Information supplied
+-------+

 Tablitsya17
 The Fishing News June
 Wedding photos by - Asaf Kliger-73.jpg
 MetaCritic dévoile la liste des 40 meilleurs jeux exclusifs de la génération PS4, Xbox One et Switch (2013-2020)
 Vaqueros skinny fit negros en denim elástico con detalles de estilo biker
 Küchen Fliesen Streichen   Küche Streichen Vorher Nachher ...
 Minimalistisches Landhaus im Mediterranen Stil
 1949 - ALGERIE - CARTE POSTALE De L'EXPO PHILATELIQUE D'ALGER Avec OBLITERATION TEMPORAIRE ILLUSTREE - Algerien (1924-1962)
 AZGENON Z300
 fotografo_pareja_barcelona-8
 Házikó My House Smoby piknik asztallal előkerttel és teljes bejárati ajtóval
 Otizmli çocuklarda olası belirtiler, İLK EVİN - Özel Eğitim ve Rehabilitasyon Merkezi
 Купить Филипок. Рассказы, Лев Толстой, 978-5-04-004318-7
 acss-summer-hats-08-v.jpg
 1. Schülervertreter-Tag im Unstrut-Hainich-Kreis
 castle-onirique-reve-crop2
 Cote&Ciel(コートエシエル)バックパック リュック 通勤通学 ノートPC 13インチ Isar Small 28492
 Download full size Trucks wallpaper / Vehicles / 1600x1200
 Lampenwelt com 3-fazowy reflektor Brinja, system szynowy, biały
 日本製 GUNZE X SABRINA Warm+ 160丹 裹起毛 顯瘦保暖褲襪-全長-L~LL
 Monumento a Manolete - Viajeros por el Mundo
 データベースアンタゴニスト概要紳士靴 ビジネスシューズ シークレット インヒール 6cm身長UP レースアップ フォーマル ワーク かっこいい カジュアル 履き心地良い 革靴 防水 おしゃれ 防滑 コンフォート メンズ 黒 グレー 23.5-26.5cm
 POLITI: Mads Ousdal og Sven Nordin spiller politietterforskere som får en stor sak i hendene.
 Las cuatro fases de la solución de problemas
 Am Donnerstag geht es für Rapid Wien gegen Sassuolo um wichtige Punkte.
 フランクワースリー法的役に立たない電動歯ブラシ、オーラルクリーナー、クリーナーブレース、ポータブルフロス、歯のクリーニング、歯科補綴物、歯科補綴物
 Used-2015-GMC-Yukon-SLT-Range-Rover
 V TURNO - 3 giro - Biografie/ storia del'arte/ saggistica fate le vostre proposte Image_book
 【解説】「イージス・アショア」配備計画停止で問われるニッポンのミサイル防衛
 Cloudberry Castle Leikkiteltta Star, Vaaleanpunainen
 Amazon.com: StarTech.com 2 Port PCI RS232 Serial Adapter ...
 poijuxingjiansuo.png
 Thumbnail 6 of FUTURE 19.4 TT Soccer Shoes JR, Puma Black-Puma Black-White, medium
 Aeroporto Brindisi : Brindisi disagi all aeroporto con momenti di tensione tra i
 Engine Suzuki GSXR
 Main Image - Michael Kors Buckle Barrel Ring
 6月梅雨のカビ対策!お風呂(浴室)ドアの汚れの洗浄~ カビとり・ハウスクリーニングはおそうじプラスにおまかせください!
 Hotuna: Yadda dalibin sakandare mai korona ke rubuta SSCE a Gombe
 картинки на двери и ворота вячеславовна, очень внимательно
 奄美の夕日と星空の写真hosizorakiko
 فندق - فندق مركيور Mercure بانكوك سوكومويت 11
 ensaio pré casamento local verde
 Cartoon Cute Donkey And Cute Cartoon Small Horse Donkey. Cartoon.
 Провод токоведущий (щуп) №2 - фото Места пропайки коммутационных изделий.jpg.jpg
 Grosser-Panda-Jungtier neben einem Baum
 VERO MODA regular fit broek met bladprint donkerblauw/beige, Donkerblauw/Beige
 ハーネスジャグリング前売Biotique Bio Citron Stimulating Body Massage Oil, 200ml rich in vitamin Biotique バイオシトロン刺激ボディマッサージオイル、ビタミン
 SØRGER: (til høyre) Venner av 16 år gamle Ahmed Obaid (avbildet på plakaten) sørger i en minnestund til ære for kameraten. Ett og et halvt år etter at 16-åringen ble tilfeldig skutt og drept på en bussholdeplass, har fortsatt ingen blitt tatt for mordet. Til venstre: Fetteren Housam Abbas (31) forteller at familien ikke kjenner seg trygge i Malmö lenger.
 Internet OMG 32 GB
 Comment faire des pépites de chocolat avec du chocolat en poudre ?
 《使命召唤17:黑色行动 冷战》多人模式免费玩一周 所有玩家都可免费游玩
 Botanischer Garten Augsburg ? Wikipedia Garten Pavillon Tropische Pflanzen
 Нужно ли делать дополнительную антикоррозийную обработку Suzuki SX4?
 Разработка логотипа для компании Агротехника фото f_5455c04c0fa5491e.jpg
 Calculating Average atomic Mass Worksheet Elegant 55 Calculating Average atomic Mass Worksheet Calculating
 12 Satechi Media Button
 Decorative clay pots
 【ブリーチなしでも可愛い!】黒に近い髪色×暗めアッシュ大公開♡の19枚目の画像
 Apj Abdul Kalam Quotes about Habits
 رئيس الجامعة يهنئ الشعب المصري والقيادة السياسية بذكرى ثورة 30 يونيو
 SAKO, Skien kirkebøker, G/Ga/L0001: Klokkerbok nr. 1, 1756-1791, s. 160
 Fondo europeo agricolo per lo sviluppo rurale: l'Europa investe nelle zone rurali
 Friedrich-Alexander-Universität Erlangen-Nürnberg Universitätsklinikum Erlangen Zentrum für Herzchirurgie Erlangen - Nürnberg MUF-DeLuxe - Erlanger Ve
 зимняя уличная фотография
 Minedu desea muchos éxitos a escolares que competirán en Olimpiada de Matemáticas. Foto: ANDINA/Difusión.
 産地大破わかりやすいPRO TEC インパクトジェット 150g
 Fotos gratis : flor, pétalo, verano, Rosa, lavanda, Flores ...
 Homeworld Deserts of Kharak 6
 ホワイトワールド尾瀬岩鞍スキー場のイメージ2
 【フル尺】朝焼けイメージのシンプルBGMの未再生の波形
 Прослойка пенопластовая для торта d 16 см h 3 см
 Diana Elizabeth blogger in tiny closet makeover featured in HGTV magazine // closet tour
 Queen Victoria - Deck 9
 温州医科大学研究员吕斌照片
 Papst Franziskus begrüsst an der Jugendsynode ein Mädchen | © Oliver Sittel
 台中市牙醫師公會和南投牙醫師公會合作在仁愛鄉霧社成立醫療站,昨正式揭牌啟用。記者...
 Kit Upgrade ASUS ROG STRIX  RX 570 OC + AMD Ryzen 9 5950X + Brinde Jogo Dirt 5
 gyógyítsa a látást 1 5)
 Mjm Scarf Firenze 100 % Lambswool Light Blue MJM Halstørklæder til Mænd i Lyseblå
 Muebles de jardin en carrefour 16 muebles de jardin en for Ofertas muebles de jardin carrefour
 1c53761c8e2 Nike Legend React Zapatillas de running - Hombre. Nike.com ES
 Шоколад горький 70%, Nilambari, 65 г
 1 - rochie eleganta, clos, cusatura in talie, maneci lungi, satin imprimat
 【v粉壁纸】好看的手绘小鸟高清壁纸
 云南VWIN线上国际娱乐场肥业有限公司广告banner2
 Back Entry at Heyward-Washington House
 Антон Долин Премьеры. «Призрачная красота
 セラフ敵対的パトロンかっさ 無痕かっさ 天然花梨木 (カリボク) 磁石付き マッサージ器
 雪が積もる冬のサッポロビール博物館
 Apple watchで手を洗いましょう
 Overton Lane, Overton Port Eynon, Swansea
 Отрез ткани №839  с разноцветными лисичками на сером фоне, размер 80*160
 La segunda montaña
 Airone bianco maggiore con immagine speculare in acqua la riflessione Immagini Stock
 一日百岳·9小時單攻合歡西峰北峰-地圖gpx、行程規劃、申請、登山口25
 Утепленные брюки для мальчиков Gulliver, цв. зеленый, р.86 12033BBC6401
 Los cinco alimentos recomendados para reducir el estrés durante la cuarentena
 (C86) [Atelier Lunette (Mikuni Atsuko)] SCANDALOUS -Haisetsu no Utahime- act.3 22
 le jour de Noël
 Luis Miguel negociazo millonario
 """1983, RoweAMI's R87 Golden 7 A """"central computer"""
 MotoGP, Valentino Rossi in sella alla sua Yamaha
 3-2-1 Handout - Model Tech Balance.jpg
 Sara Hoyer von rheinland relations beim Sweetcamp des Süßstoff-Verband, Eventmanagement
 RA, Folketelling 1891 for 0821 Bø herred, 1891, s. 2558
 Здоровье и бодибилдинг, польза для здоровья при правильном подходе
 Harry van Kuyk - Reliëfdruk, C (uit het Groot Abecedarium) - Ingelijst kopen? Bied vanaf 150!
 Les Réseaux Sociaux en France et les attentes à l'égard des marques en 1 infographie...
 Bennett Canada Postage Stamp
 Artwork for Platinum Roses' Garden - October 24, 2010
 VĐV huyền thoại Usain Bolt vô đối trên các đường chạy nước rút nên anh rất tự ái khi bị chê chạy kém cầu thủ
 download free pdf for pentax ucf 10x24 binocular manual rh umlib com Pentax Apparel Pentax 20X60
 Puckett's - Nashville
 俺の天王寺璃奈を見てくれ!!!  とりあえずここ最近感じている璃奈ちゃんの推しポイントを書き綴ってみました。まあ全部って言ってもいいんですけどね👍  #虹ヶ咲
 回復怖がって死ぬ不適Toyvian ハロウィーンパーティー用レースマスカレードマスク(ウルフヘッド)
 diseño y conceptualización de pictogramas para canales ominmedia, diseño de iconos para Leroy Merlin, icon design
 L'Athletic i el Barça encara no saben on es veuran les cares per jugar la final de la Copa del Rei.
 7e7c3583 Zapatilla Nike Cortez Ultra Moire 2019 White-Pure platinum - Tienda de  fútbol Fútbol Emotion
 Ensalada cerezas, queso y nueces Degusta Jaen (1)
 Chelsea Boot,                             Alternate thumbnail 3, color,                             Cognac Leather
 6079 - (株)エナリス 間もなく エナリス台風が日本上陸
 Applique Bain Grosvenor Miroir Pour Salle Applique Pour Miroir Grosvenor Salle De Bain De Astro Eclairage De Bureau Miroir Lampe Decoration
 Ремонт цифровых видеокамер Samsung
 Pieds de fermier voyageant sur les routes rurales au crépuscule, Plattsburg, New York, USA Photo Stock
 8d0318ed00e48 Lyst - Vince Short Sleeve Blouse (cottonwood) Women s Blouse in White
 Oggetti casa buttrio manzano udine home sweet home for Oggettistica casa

+-------+

Instructions for the task
Wherever a line contains the string "White", copy that line from the data.

Finished task
 Thumbnail 6 of FUTURE 19.4 TT Soccer Shoes JR, Puma Black-Puma Black-White, medium
 7e7c3583 Zapatilla Nike Cortez Ultra Moire 2019 White-Pure platinum - Tienda de  fútbol Fútbol Emotion
 8d0318ed00e48 Lyst - Vince Short Sleeve Blouse (cottonwood) Women s Blouse in White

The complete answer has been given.